Option 1 — Router-on-a-Stick (ROAS)

Router-on-a-Stick uses a single physical interface on a router connected to the switch via a trunk link. The router creates logical subinterfaces, one per VLAN, each with its own IP address. The switch trunk carries all VLAN traffic to the router, the router routes between VLANs, and the traffic comes back down the same trunk.

Topology

[Switch Gi0/1 trunk] ---- [Router Gi0/1 trunk]
 - VLAN 10 (Engineering)
 - VLAN 20 (Marketing)
 - VLAN 99 (Management / Native)

The physical link between the switch and router is configured as a trunk on the switch side. On the router, the physical interface itself has no IP address — the subinterfaces do.

Switch Configuration (Trunk to Router)

interface GigabitEthernet0/1
 switchport mode trunk
 switchport nonegotiate
 switchport trunk native vlan 99
 switchport trunk allowed vlan 10,20,99

Router Subinterface Configuration

interface GigabitEthernet0/1.10
 encapsulation dot1Q 10
 ip address 10.1.10.1 255.255.255.0

interface GigabitEthernet0/1.20
 encapsulation dot1Q 20
 ip address 10.1.20.1 255.255.255.0

interface GigabitEthernet0/1.99
 encapsulation dot1Q 99 native
 ip address 10.1.99.1 255.255.255.0

The subinterface number (.10, .20, .99) does not have to match the VLAN ID — but it is a strong best practice to keep them aligned to avoid confusion.

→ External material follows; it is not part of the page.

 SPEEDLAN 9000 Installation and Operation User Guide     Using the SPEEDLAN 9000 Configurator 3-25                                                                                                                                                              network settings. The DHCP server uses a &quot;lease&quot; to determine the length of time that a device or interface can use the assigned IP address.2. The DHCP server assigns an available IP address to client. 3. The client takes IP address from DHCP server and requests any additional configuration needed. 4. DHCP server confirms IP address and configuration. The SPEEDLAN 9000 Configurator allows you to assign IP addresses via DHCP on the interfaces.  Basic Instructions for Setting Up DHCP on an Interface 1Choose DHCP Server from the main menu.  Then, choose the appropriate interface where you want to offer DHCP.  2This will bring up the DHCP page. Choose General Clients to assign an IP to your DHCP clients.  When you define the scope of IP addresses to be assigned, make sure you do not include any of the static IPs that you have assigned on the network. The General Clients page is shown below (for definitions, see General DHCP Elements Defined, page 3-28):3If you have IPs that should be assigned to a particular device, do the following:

encapsulation dot1Q 10 tells the router that frames arriving tagged with VLAN 10 belong to this subinterface, and frames sent out this subinterface should be tagged with VLAN 10.

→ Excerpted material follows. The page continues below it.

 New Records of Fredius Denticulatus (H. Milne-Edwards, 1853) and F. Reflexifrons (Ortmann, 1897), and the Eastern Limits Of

encapsulation dot1Q 99 native tells the router that untagged frames on this trunk belong to VLAN 99 (the native VLAN). Frames sent to this subinterface are sent untagged.

Physical Interface Activation

The physical interface (GigabitEthernet0/1) must be brought up with no shutdown. Subinterfaces do not have their own shutdown state independent of the physical interface — if the physical interface is down, all subinterfaces are down.

interface GigabitEthernet0/1
 no shutdown

You do NOT put no shutdown on the subinterfaces themselves for this — the physical no shutdown brings them all up.

Host Default Gateways

Hosts in each VLAN configure the subinterface IP as their default gateway:

VLAN 10 hosts → default gateway 10.1.10.1
VLAN 20 hosts → default gateway 10.1.20.1

Verify ROAS

show vlans
show interfaces GigabitEthernet0/1.10
show ip route

show vlans (on a router) shows subinterface-to-VLAN mappings. The routing table should show directly connected routes for each subinterface subnet.

ROAS Limitations

ROAS is simple and cost-effective — one router port, one cable, one trunk. The bottleneck is that all inter-VLAN traffic must traverse that single physical link twice (once inbound, once outbound). In high-traffic environments this becomes a bandwidth constraint. It is suitable for small deployments but is replaced by SVI-based Layer 3 switching in enterprise designs.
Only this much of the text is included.